Financier Worldwide Magazine

February 2024 Issue


Compliance risks cover a wide range of issues and can potentially expose organisations to enforcement action, monetary penalties, reputation damage and material loss. For companies engaging in a merger or acquisition, it is imperative that they call on experienced compliance professionals to assess these risks. Compliance teams must have a seat at the M&A table early in the process, to assist with due diligence.

Compliance teams can help to establish the types and levels of risk an acquisition poses, and to contextualise it for the acquirer’s business. Due diligence can shed light on whether the target has any past or current compliance issues that may affect the transaction, such as issues relating to bribery, corruption, fraud, money laundering or sanctions, or whether the transaction triggers obligations to notify or obtain approval from government authorities, such as under a foreign investment control regime, or in connection with handling classified or ‘top secret’ contracts, or based on registration as an arms manufacturer or exporter under the International Traffic in Arms Regulations (ITAR) or similar, for example. Acquirers can then evaluate the target company’s suitability and value.
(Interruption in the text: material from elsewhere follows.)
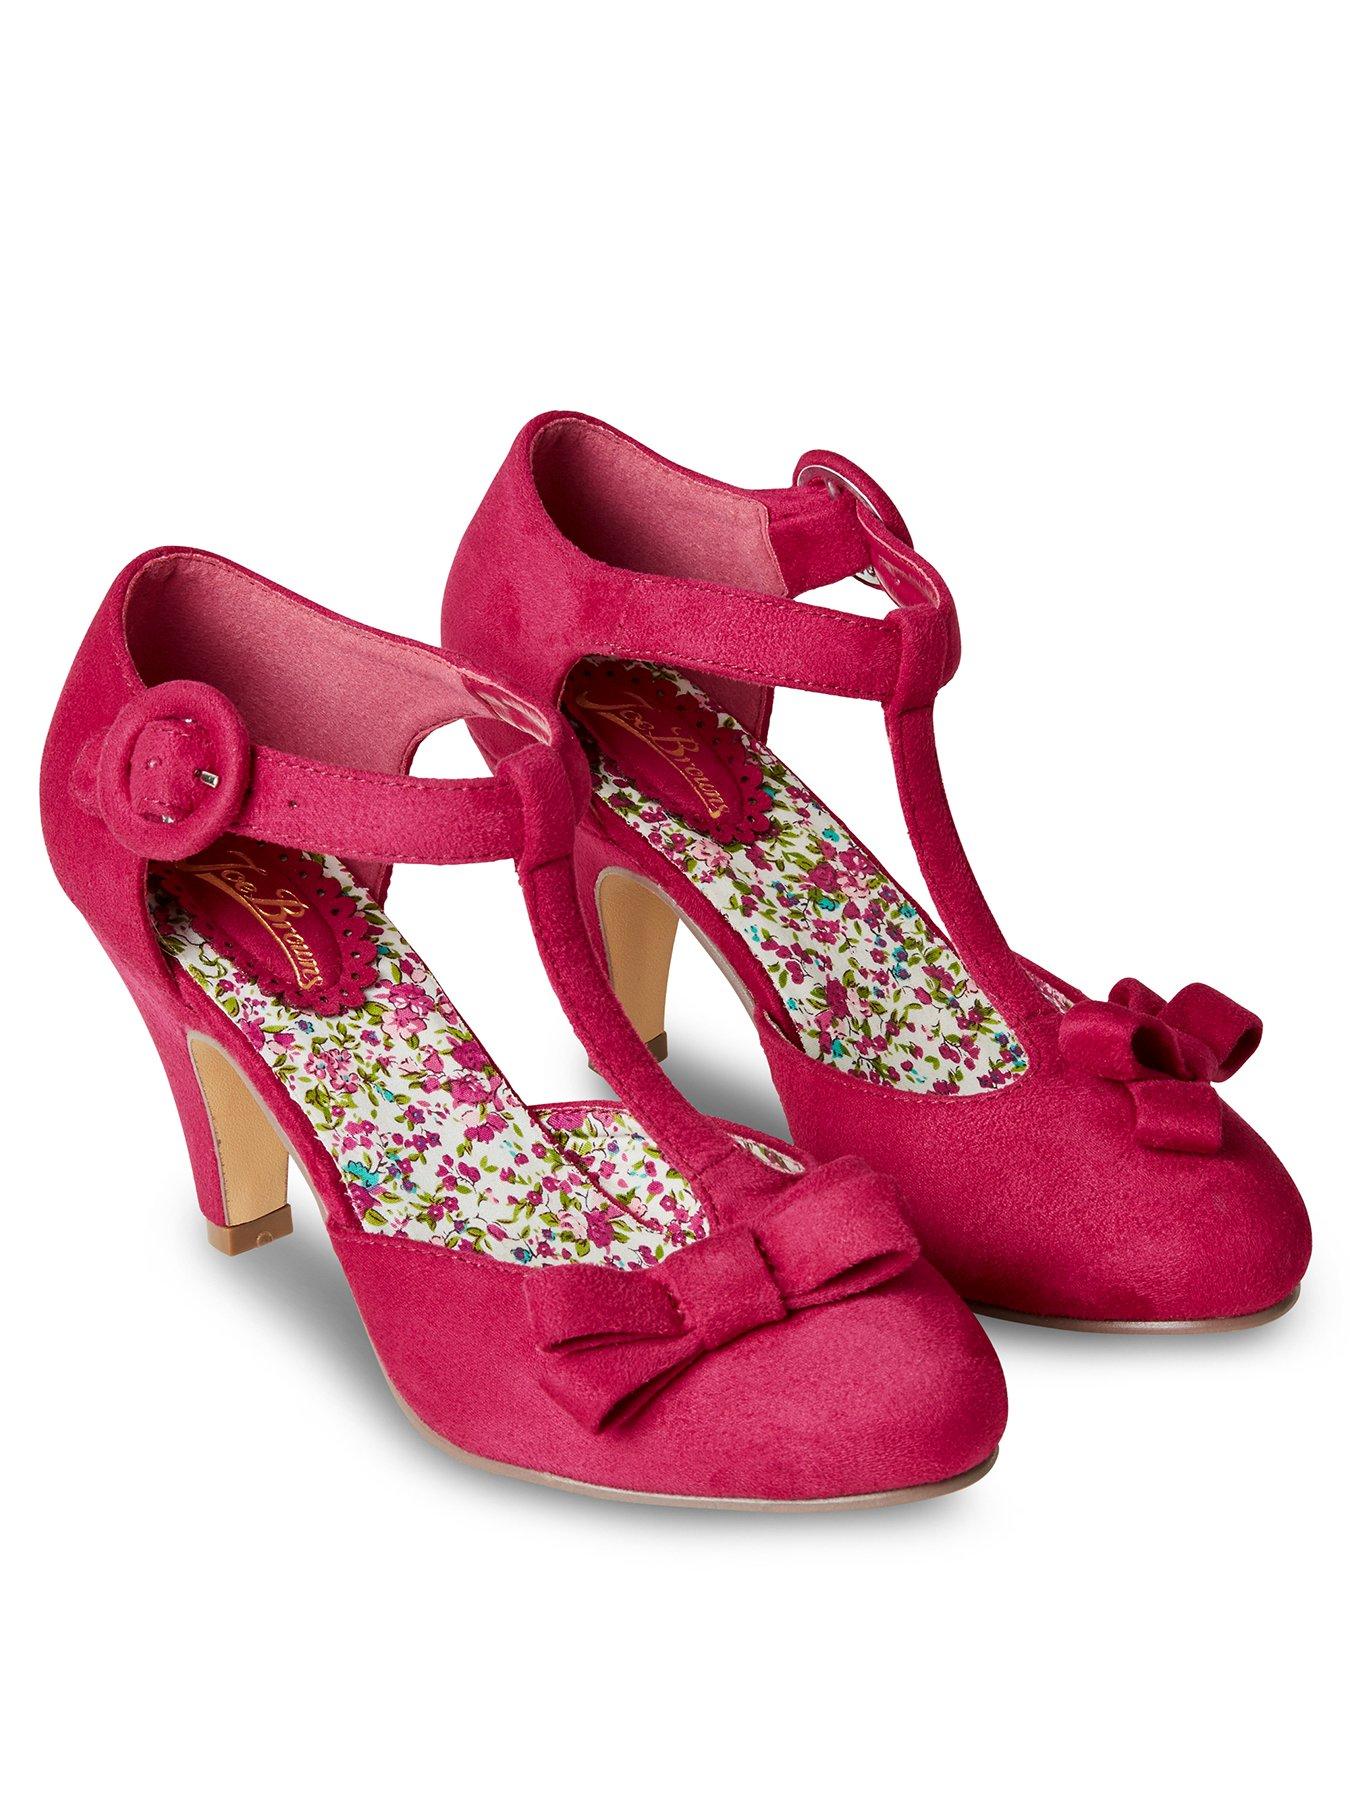 womens shoes pink heels

According to Globalscape, the cost of regulatory compliance has increased in recent years, to an average of around $5.47m. Large companies have reported that the average cost of maintaining compliance can run up to $10,000 per employee, as noted by the Competitive Enterprise Institute. Yet despite the rising cost, it can be much more expensive to fail to meet compliance requirements. Globalscape found that the average cost of non-compliance is $14.82m – an increase of more than 45 percent in 10 years. The true cost to organisations due to a single non-compliance event is an average of $4m in revenue.

A tightening regulatory landscape around the globe has forced companies to adapt to changing realities. From evolving data regulations such as the European Union’s (EU’s) General Data Protection Regulation (GDPR) to the implementation of sanctions against states such as Russia and North Korea, to expanded foreign investment controls in numerous jurisdictions, multinational companies operating today must be cognisant of the compliance challenges they face when doing business.

While some businesses may believe they lack the resources to deploy the necessary tools and procedures for compliance, the alternative could be more costly. As Paul McNutty, former assistant US attorney general, summed it up: “If you think compliance is expensive, try non-compliance.”

In the US, the Department of Justice (DOJ) recently updated its guidance on the evaluation of corporate compliance programmes, stating that “a well-designed compliance program should include comprehensive due diligence of acquisition targets, and should include a process for timely and orderly integration of the acquired entity into existing compliance program structures and internal controls”.

Role of the board and compliance team

Compliance considerations should permeate all departments, but they begin with the board of directors. The board is crucial to the corporate governance process, overseeing the operations of a company. Ultimately, the board is responsible for ensuring that the company complies with all relevant laws and regulations, that its reports are accurate and that it adheres to all applicable compliance standards.

For directors and officers (D&Os), increased scrutiny has resulted in stricter compliance requirements, in some cases making board members personally liable for compliance breaches within their organisations. Decisions made in association with an M&A transaction could expose D&Os to allegations of mismanagement or misconduct, breach of fiduciary duty, or other legal issues.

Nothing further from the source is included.